The first antiretroviral drugs developed were meant to target HIV protease and HIV reverse transcriptase activity. While moderately successful, it turns out that the high mutation rate of HIV led to the development of resistance to these drugs individually as quickly as 2 months post-treatment. In order to prevent this resistance combinatorial drug regimens of 3-5 different drugs had to be used, a regimen that is highly toxic to the body.
What does all this have to do with integrase you may ask? Well, it just so happens that integrase is another protein (along with protease and reverse transcriptase) that is necessary for viral replication. It also just so happens that it has become the greatest weakness to HIV's fitness.
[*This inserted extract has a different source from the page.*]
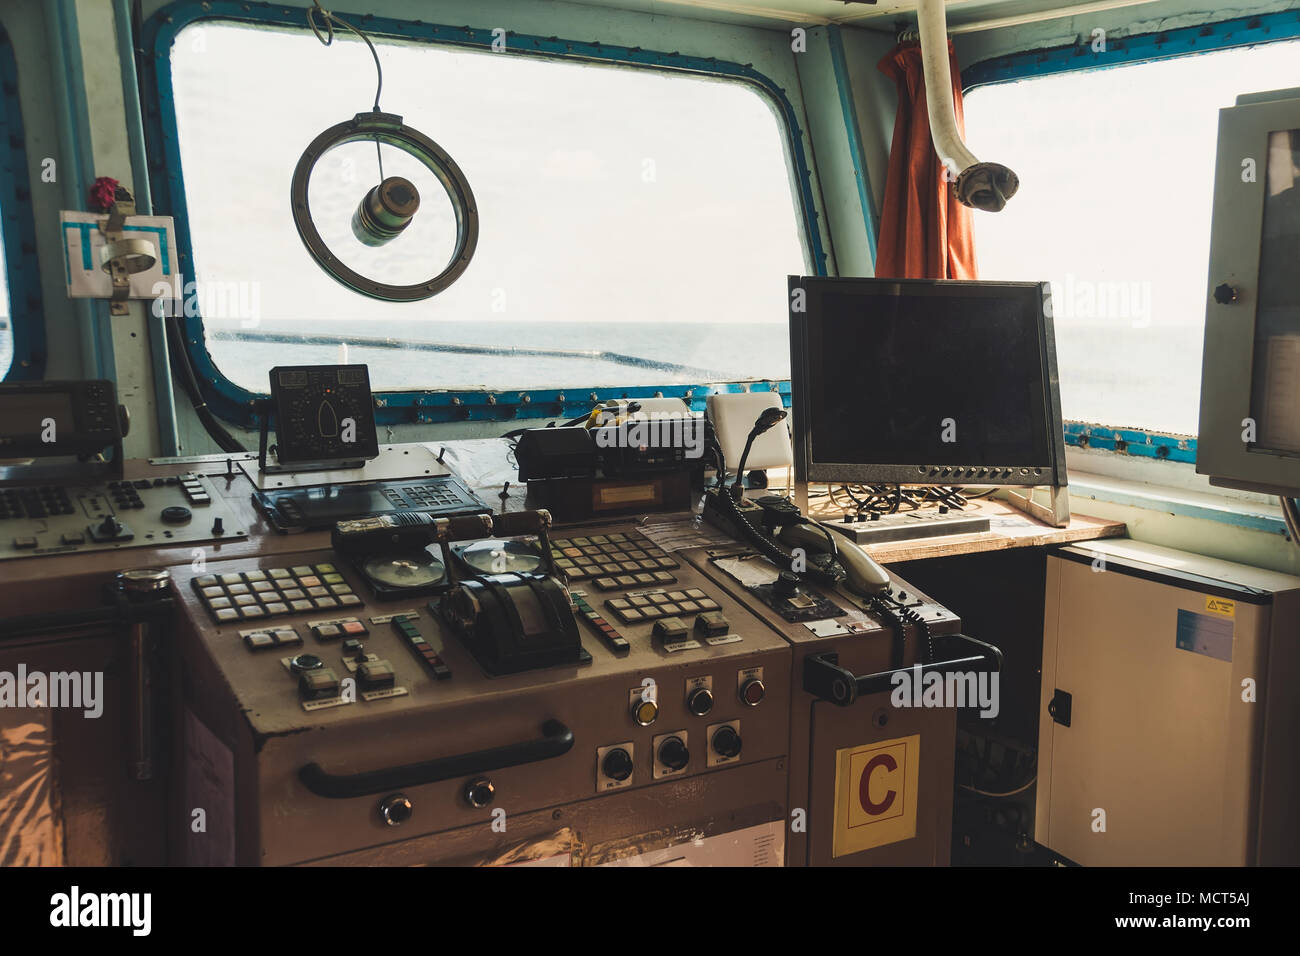 Captain's Cabin View From The Inside, Point Of View Shot. panel of ship devices Stock Photo

Here is a picture of integrase doing its thing: incoporating HIV DNA into the host genome (this is actually a tetramer of the enzyme):
Now, the regions of the enzyme that are bound to the DNA (yellow) are called catalytic core domains (CCDs), and they are necessary for the fuction of the integrase (see previous post). It also just so happens that these CCDs are highly conserved regions, meaning that they cannot be mutated or altered significantly without creating a disfunctional enzyme.
So, imagine the excitement of the HIV researching community when somebody did this:
Do you see it? The space filling spheres and the protein cartoon are a zoomed in view of the CCD of integrase. The orange and blue stick diagram is a chemical called raltegravir. Raltegravir has been put on the market as an antiretroviral drug, because as this image is attempting to show, it binds quite will over the CCD of integrase, thereby inhibiting the DNA integration reaction.
What's even more exciting, because the CCD of integrase has to be highly conserved to maintain function, far less resistance related to integrase inhibitors has been noticed in HIV+ patients, especially when used in a combinatorial drug regimen.
While integrase inhibitors are not effective enough to be used as a single drug for HAART, their effectiveness has allowed patients to be moved from HAART regimens of 4 or 5 drugs to only 2, a move that has reduced side effects considerably.
So here's to integrase: Because of its intricacy, because of the specificity of its CCD, we now have the most effective target for the treatment of HIV infection in the history of HIV research.
References:
1. Alian, A., Griner, S.L., Chiang, V., Tsiang, M., Jones, G., Birkus, G., Geleziunas, R., Leavitt, A.D., Stroud, R.M., 2009. Catalytically-active complex of HIV-1 integrase with a viral DNA substrate binds anti-integrase drugs. Proceedings of the National Academy of Sciences United States of America 106, 8192–8197.
2. Arribas, J.R., Pozniak, A.L., Gallant, J.E., Dejesus, E., Gazzard, B., Campo, R.E., Chen, S.S., McColl, D., Holmes, C.B., Enejosa, J., Toole, J.J., Cheng, A.K., 2008. Tenofovir disoproxil fumarate, emtricitabine, and efavirenz compared with zidovudine/lamivudine and efavirenz in treatment-naive patients: 144-week analysis. Journal of Acquired Immune Deficiency Syndromes (JAIDS) 47, 74–78.
3. Bartlett, J.A., Chen, S.S., Quinn, J.B., 2007. Comparative efficacy of nucleoside/ nucleotide reverse transcriptase inhibitors in combination with efavirenz: results of a systematic overview. HIV Clinical Trials 8, 221–226.
4. Sherman, P.A., Fyfe, J.A., 1990. Human immunodeficiency virus integration protein expressed in Escherichia coli possesses selective DNA cleaving activity. Proceedings of the National Academy of Sciences United States of America 87, 5119–5123.